A NEW trend on TikTok has emerged whereby teachers, sometimes principals, of high schools are joining their students in concert-like settings to Jamaican dancehall music playing in the background. The trend is harmless for the most part, but it’s easy to see how some might conceive it as “loose” behaviour on the part of teachers who support students in harmless TikTok trends.
We risk losing our children if we fail to effectively communicate with them in a language known to them. Generational differences aren’t as simple as some make it out to be. We think of baby boomers, millennials, GenZ and the like as having very specific personalities shaped by their experiences in time. But the difference in time between these groups, especially for millennials and GenZ, could be as narrow as two years. Added to that, that difference is also shaped by how different groups use social media.
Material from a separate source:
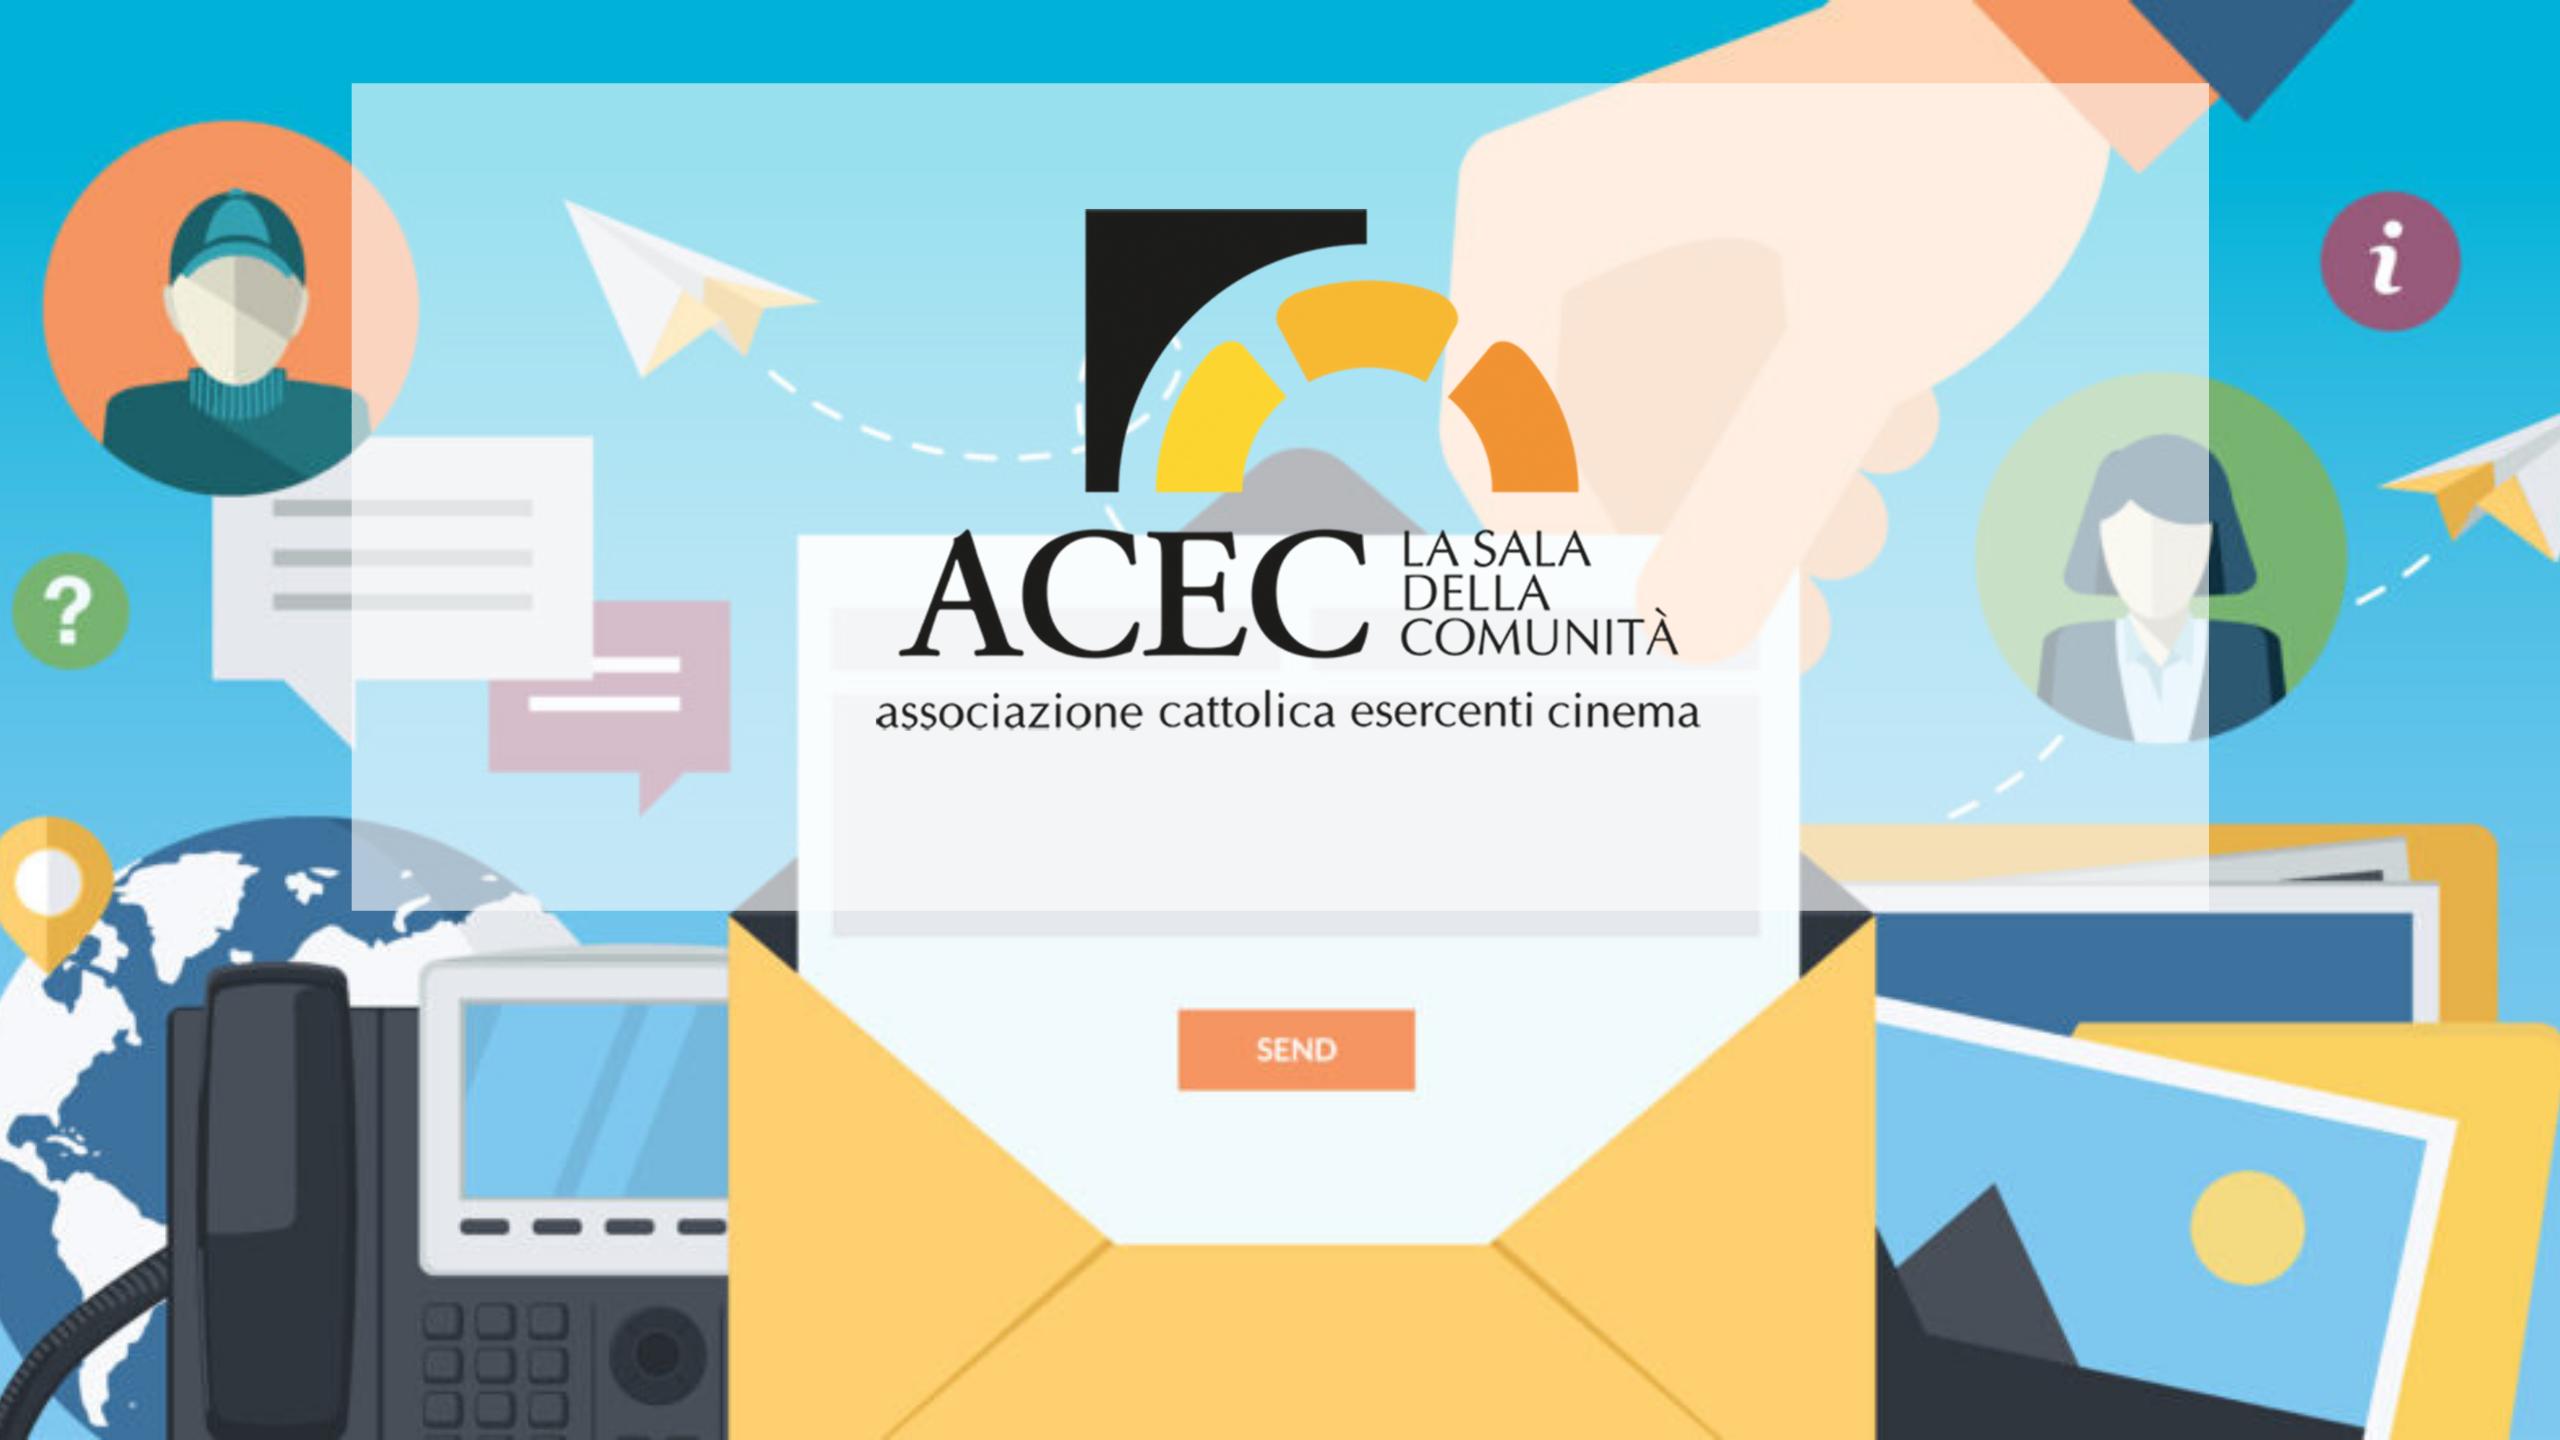 ACEC comunicazione

A person at age 25 and a person at age 27 could be quite different not only because of their social and economic backgrounds, but also because there are certain cultures towards which they gravitate that are more accepted within one generation as opposed to another. In that, the older generation might view a cultural practice as “lil chirren ting” when the reality is that the age difference between that older person condemning the culture, and the young person performing “lil chirren ting” is two years. We see this happening consistently with TikTok trends.
Now, for social media in general, there are platforms which, because of the specific culture and user-interface, might be more suited for one generational group as opposed to another. The over-30 segment of the population in Guyana depend heavily on Facebook as a social and cultural space for their daily socialising. The folks below age 30 might also use Facbeook, but might also choose instead to engage through Twitter or Instagram largely because those spaces are somewhat inaccessible to their parental and, in some cases, senior workplace figures.
A point was made previously about user interfaces of the respective platforms. When we think of the user interface for Facebook, we think of the react, comment and share functions. We might also think of the simple layout of the newsfeed, pop-up messages including with Facebook messenger, and even the increasingly popular Facebook marketplace.
Twitter on the other hand has a much more complex interface of tweets, threads, retweets, quote tweets, mentions, and now, Twitter spaces. There is even an underground culture of “burners” for the deep Twitter users. It might be a tad too frustrating for the over-30 segment of the population that wants to connect simply with family and friends while also engaging in some “commess.”
TikTok bridges the gap between and among the generational groups by employing a simple interface of simply swiping up to view new content, while having culturally relevant content with rapidly changing trends that everyone wants to get in on. It is also useful that TikTok content, albeit just as algorithmically dependent as Facebook’s and Twitter’s, does not have the same algorithmic considerations as on other platforms. This makes TikTok a much more pleasing experience. Added to that, an account is not necessary to access TikTok content.
As it stands, there is no secret that folks, both young and old, can enjoy TikTok content drawn from content creators on a spectrum as diverse as North West (@kimandnorth) (Kayne West’s daughter) to senior folk living their best lives on the Retirement House (@retirementhouse). What the platform does, however, is bring everyone to one particular cultural point that, if done intentionally, could be used to bridge ever-widening generational gaps that have created strains in family relations. For teachers, this could be a useful tool to make their lessons more interactive. If only they were allowed the space to explore.